What the exercise asks: Output the full listing exactly as written, with no pictures in it.

Dataset extract:
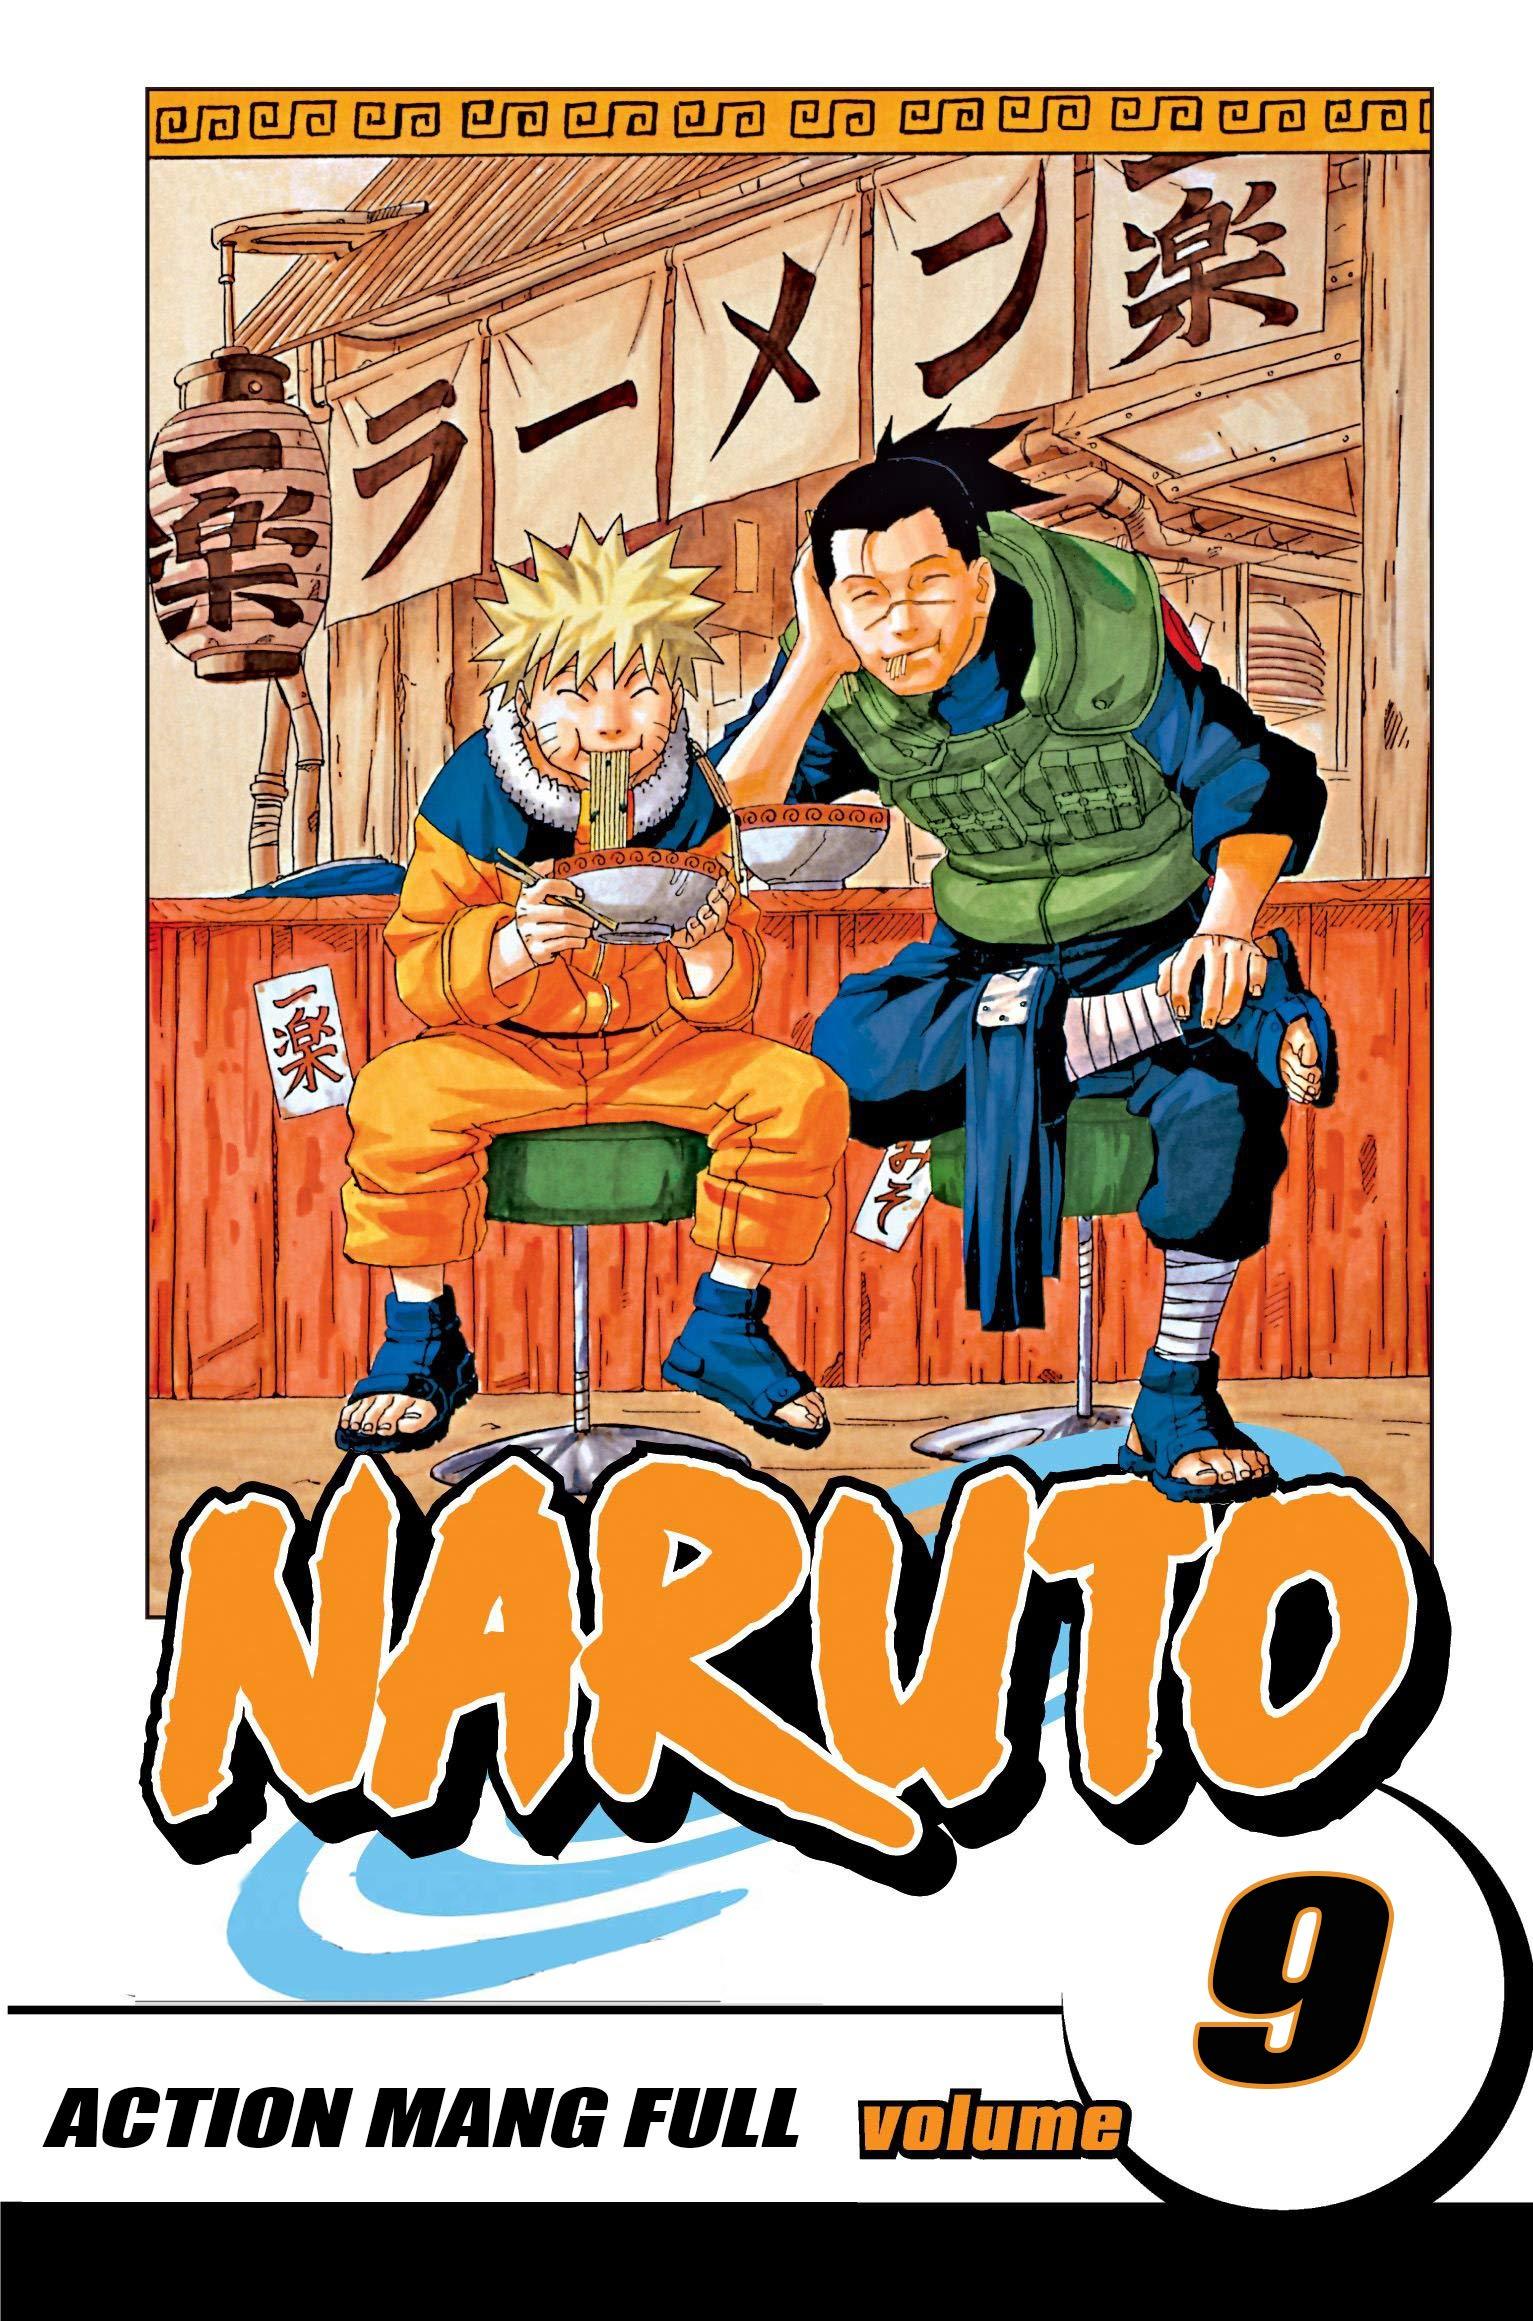 Action Manga Full Volume 9: Naruto Manga
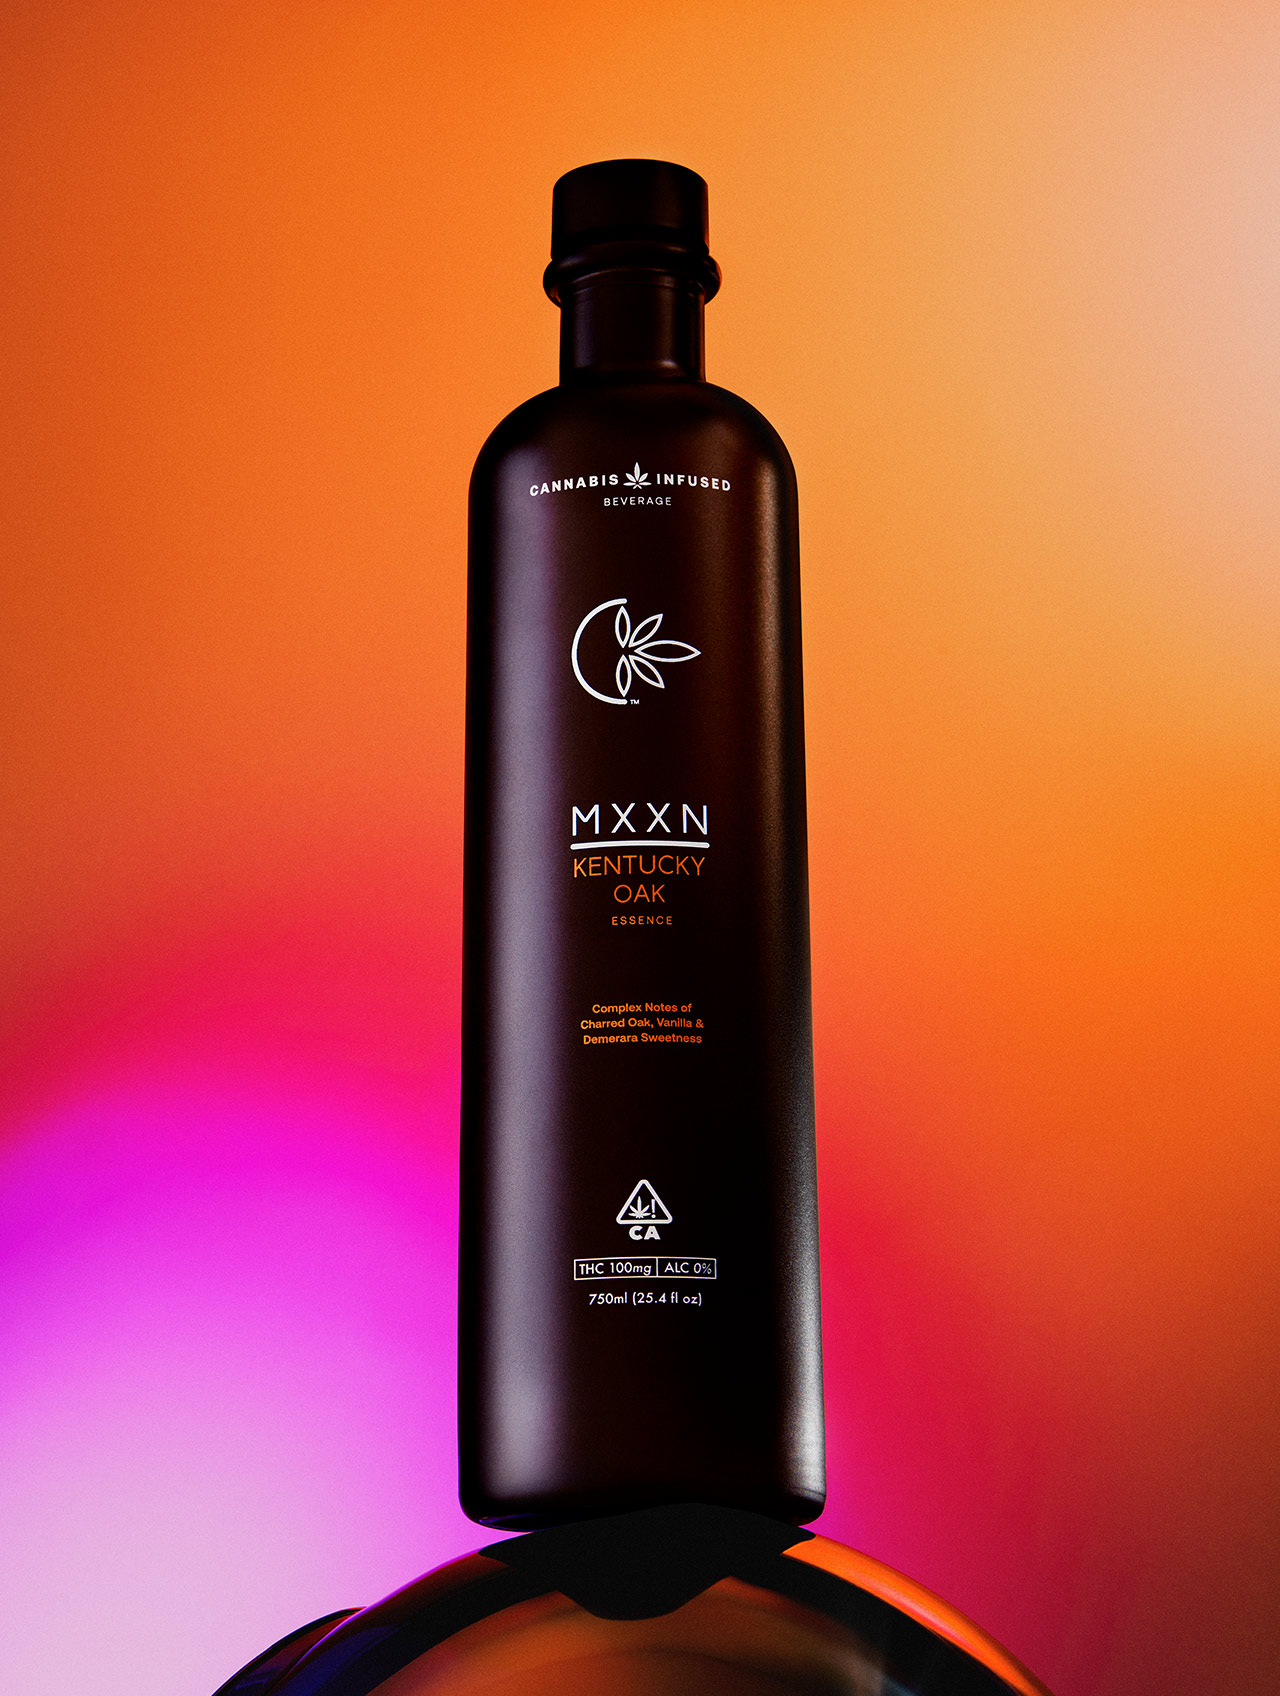 MXXN Kentucky Oak: THC-Infused, Alcohol-Free Spirit
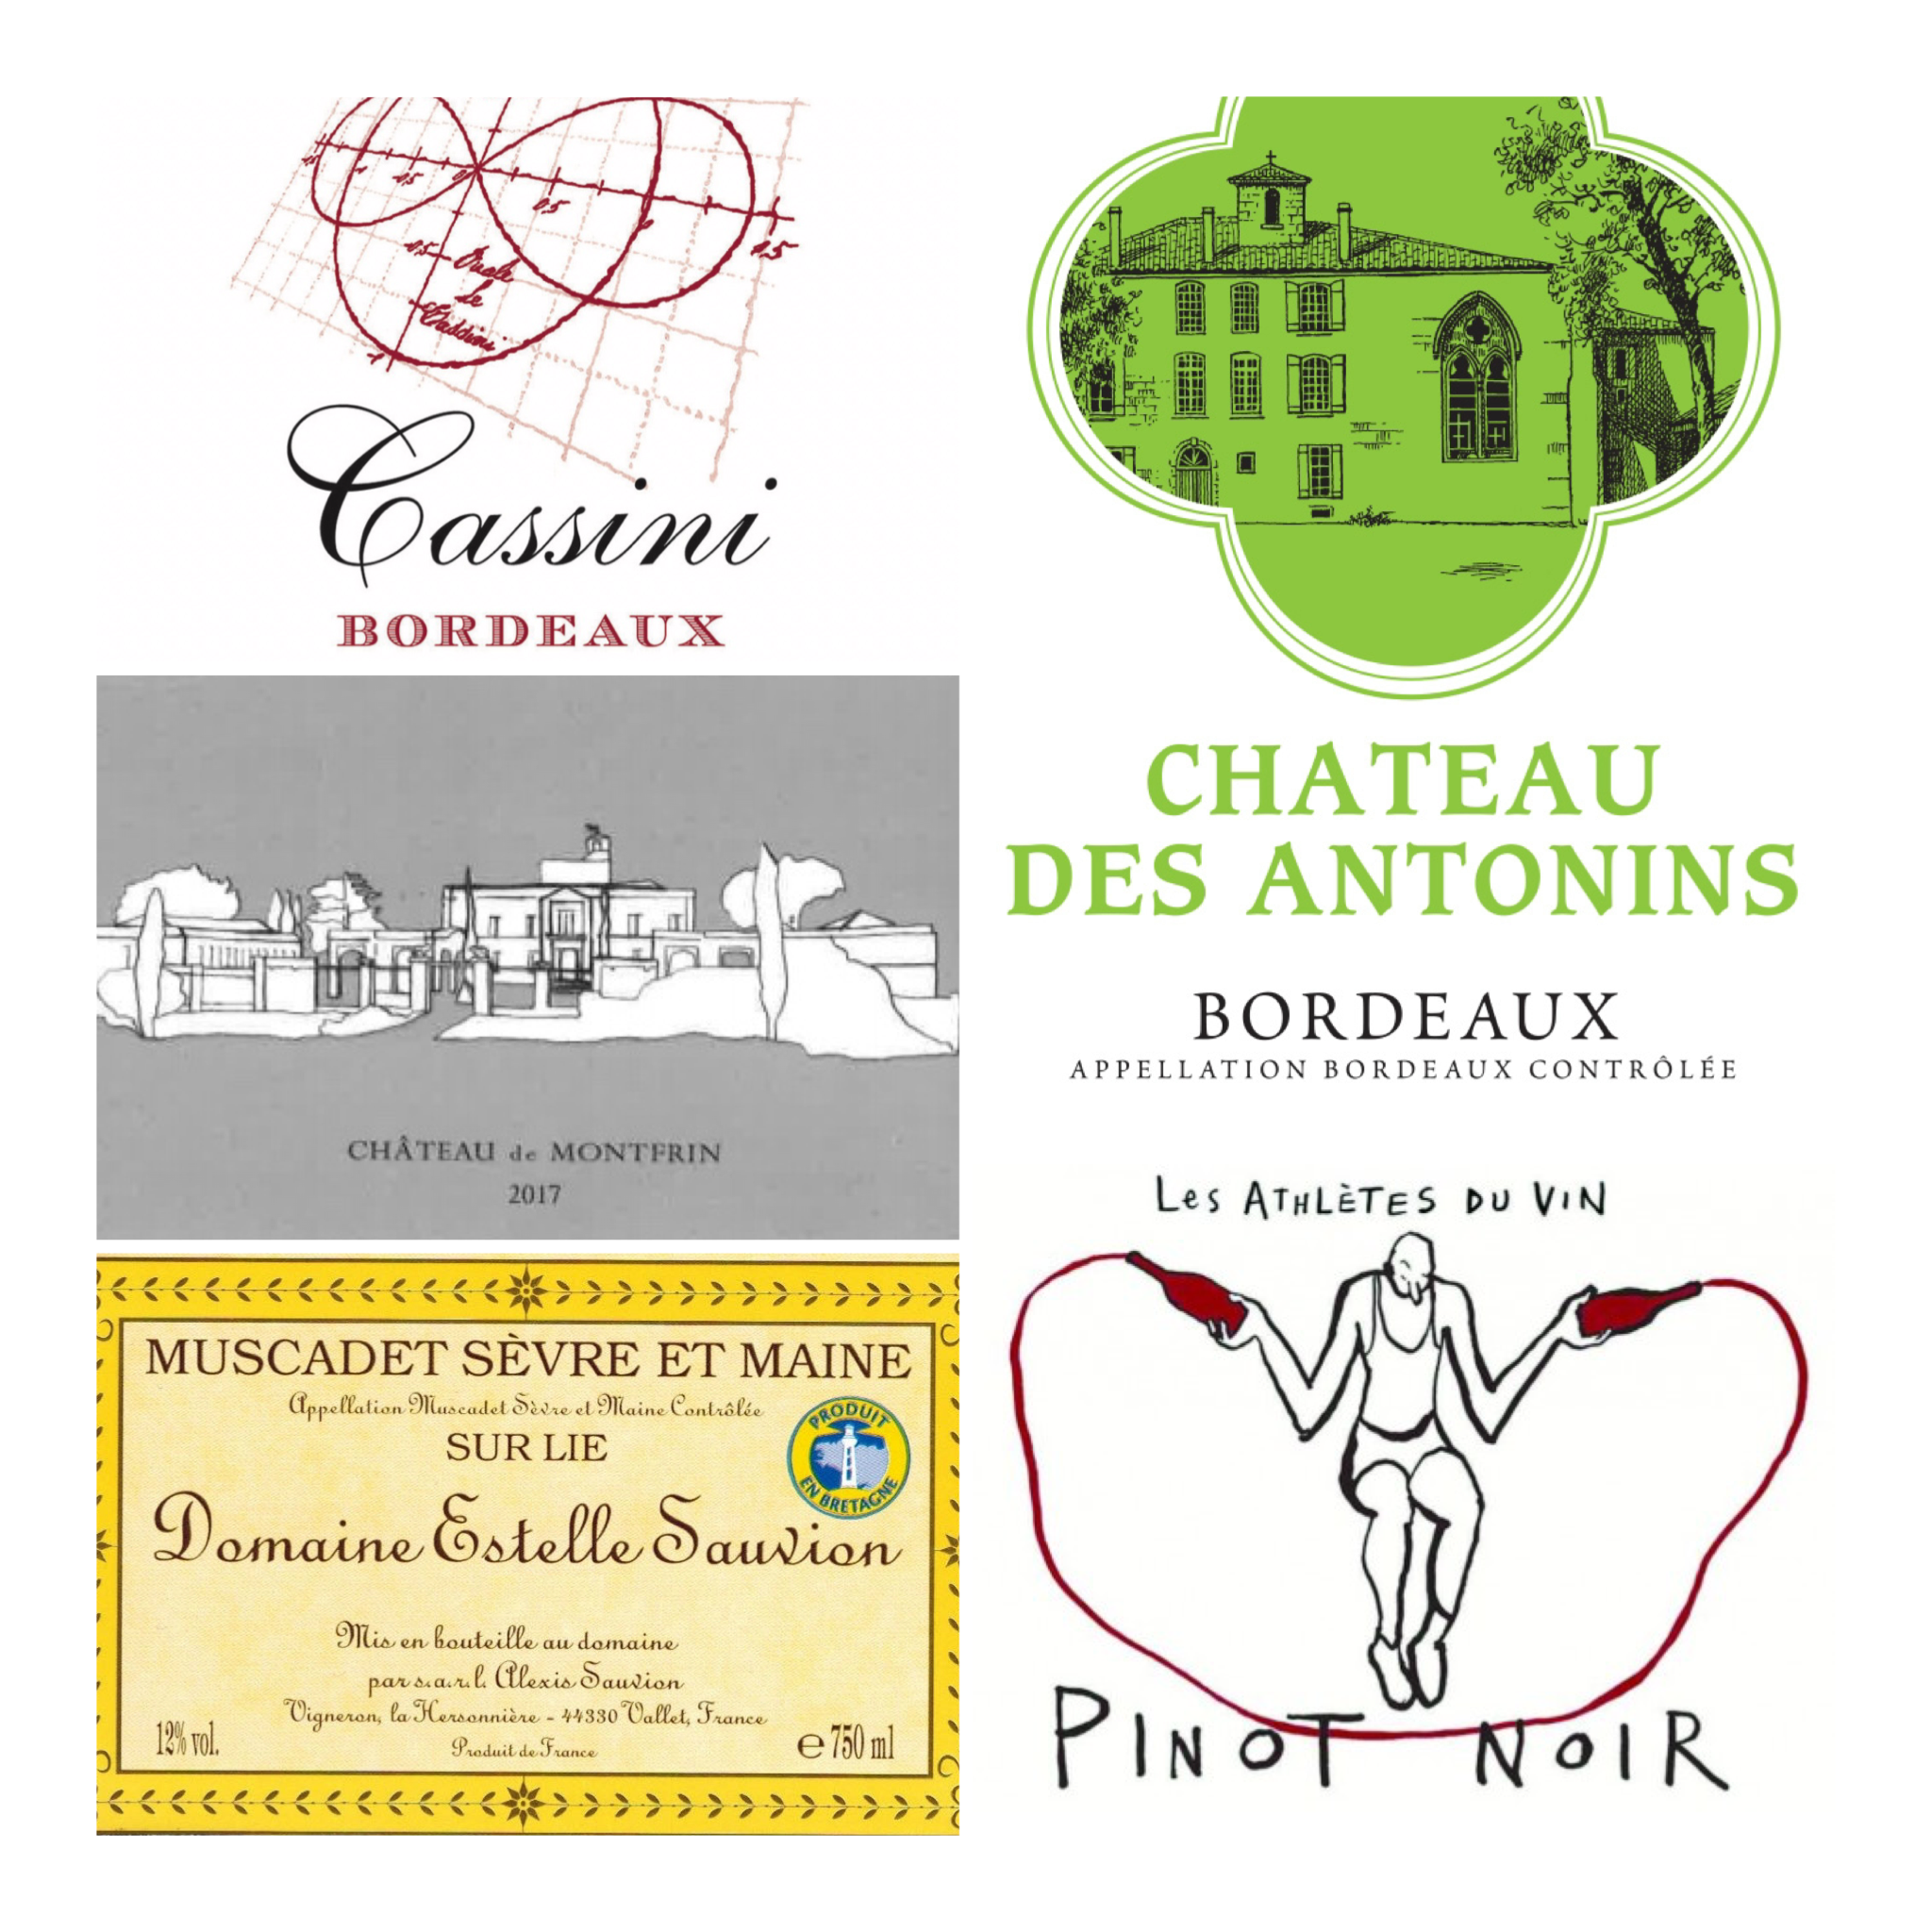 Tour de France Wine Pack - Shipping in November!

Answer below:
 Action Manga Full Volume 9: Naruto Manga
 MXXN Kentucky Oak: THC-Infused, Alcohol-Free Spirit
 Tour de France Wine Pack - Shipping in November!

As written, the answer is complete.